I have looked in the logs, and see nothing special.
there are also no delayed jobs, no unprocessable emails, mysql and elasticsearch processes seem fine, and it is not 100% of the time (but still, like 95% now)

when checking apache, it regularly has issues reaching the zammad process (which corresponds to the moments the ruby process is at 100% cpu and slowing everything down)

If anyone would be able to point me in the right direction where/how i can check what zammad is doing that’s causing the process to go nuts i am all ears, please.

the current stack is on docker:

  • zammad 5.0.x
  • apache
  • mysql/mariadb

i need to get this fixed so we can continue working
(and simultaneously work out an upgrade path to zammad 6.x)

Hi @Bjorn. With the upcoming release of Zammad 6.1 there is a good chance that the performance of Zammad itself is pretty well. Without seeing your system, it’s quite impossible to tell what is going on there (e.g. are there any specific requests that are slow and cause the system to be slow etc.).

hi @fliebe92 ,

if there’s anything i can do to check and inform you, please let me know.
from what i can see, there is nothing special going on on the machine,
and nothing else is really running on the same machine anymore (we are moving away from docker on an ec2 instance)

sometimes the scheduler process reaches 100%, but that’s only for a couple of seconds every x time (verified by stopping the scheduler and restarting it, and following the pid)

other processes are using under 5% cpu and under 2% mem - except for elasticsearch,
which is claiming about 54% memory with it’s java process.

Do you have a lot of overviews in the system?

In the end, Zammad 5.0 is very outdated (2021) and there were a lot of improvements in the meanwhile.

I have a total of 13 overview, including my tickets, all open tickets, all tickets, and then 11 more overviews of specific groups.

after your comment, i removed the “all tickets” overview but no change in speed.

upgrading to the new 6.x release is in the works, but i’m not quite sure how to best approach it,
as we would move away from the docker instance, and onto a dedicated ec2 machine using the zammad packages.
and we ofcourse need to have all the 6500+ tickets (and attachments, on the filesystem) moved to there as well,
and from mysql to postgres, and without sending 6000+ emails when moving…

Smells like a custom docker variant you’re running there? If so, it’s generally very hard to understand the issues and scopes. We hardly can support that.
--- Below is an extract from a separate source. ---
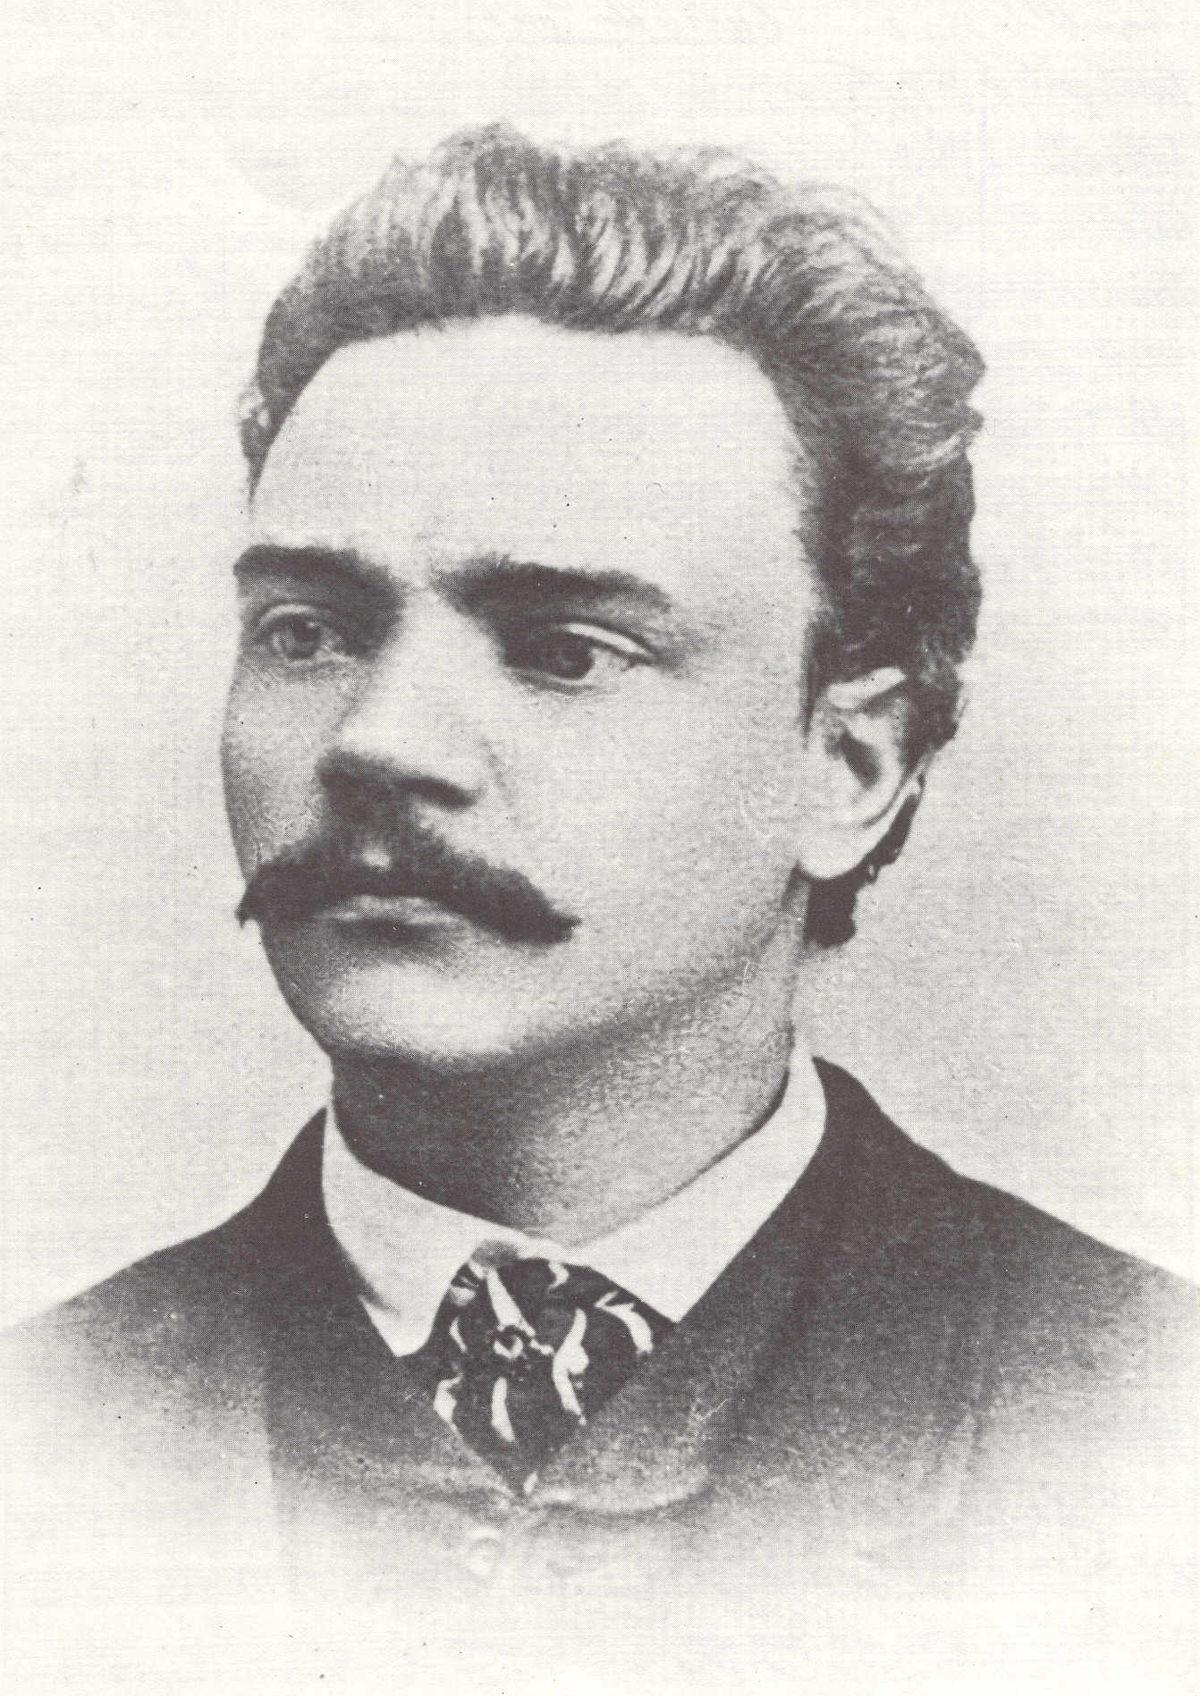 Antonín Dvořák Dvorak - Walter Klien - Slavonic Dances Op. 46 And Op. 72 For Piano Four Hands

That being said, it sounds like a configuration issue, consider using the environment variables for tuning. With Zammad 5 most of them are not yet available. web-concurrency however should be.

I’ll just leave that here

It is somewhat custom, but i don’t recall why éxactly we went for a custom docker image (though, if i remember correctly, we followed the “install from source” documentation completely for the image.

I have set the web_concurrency to 4 and it seems to have made a (very) small difference, but not enough to be the resolution, unfortunately.

I read somewhere in the forum (?) that several users using (and leaving open) the searchbar search might cause a (significant) slowdown, and as we have been having this since a few months, which roughly coincides with deciding to let an external contact center handle calls for us… i think it might be that which is causing the load?

I’m not aware of such a performance degrading situation to be honest.
A classic performance degrading over time after starting an instance (or restarting it) is the number of max_connections of the database server being insufficient to what Zammad need.

By default postgresql allows 100 connections, however, Zammads vanialla configuration (without performance tweaks) already requires up to 200 connections. This will cause issues with database pooling and introduce you to slow updates etc.

That shouldn’t affect MySQL/MariaDB and thus it’s most likely performance tuning issues. Possibly combined with terribly old code which had a lot of performance improvements over the last years.

Or you need performance tuning because you have too many concurrent agents / too much data to transfer concurrently.